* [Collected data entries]

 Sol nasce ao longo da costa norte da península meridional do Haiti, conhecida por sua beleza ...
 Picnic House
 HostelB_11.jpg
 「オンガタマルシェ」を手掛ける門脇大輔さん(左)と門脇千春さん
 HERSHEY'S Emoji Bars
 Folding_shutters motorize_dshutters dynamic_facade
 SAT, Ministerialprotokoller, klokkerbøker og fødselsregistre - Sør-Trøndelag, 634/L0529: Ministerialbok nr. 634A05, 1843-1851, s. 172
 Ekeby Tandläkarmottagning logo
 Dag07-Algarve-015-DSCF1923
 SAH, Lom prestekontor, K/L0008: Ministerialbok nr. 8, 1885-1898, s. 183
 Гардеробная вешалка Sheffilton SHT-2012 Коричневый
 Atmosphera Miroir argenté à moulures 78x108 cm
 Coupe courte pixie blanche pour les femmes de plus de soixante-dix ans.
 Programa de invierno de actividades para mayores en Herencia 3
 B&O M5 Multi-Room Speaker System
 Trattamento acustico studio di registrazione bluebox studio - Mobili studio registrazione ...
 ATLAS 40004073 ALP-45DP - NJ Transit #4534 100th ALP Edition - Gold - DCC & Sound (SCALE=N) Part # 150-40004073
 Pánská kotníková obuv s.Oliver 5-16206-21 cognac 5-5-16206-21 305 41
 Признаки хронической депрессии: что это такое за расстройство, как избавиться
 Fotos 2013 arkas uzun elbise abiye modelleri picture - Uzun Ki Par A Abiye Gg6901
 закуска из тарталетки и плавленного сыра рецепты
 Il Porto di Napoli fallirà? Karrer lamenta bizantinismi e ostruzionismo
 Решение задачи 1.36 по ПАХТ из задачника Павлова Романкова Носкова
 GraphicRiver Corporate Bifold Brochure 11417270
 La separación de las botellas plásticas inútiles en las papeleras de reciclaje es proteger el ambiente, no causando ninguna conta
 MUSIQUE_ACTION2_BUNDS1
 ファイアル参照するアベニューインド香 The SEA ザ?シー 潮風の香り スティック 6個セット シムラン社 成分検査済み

* [Your goal]
The response has to contain every record shown above, unaltered and complete.

* [Answer]
 Sol nasce ao longo da costa norte da península meridional do Haiti, conhecida por sua beleza ...
 Picnic House
 HostelB_11.jpg
 「オンガタマルシェ」を手掛ける門脇大輔さん(左)と門脇千春さん
 HERSHEY'S Emoji Bars
 Folding_shutters motorize_dshutters dynamic_facade
 SAT, Ministerialprotokoller, klokkerbøker og fødselsregistre - Sør-Trøndelag, 634/L0529: Ministerialbok nr. 634A05, 1843-1851, s. 172
 Ekeby Tandläkarmottagning logo
 Dag07-Algarve-015-DSCF1923
 SAH, Lom prestekontor, K/L0008: Ministerialbok nr. 8, 1885-1898, s. 183
 Гардеробная вешалка Sheffilton SHT-2012 Коричневый
 Atmosphera Miroir argenté à moulures 78x108 cm
 Coupe courte pixie blanche pour les femmes de plus de soixante-dix ans.
 Programa de invierno de actividades para mayores en Herencia 3
 B&O M5 Multi-Room Speaker System
 Trattamento acustico studio di registrazione bluebox studio - Mobili studio registrazione ...
 ATLAS 40004073 ALP-45DP - NJ Transit #4534 100th ALP Edition - Gold - DCC & Sound (SCALE=N) Part # 150-40004073
 Pánská kotníková obuv s.Oliver 5-16206-21 cognac 5-5-16206-21 305 41
 Признаки хронической депрессии: что это такое за расстройство, как избавиться
 Fotos 2013 arkas uzun elbise abiye modelleri picture - Uzun Ki Par A Abiye Gg6901
 закуска из тарталетки и плавленного сыра рецепты
 Il Porto di Napoli fallirà? Karrer lamenta bizantinismi e ostruzionismo
 Решение задачи 1.36 по ПАХТ из задачника Павлова Романкова Носкова
 GraphicRiver Corporate Bifold Brochure 11417270
 La separación de las botellas plásticas inútiles en las papeleras de reciclaje es proteger el ambiente, no causando ninguna conta
 MUSIQUE_ACTION2_BUNDS1
 ファイアル参照するアベニューインド香 The SEA ザ?シー 潮風の香り スティック 6個セット シムラン社 成分検査済み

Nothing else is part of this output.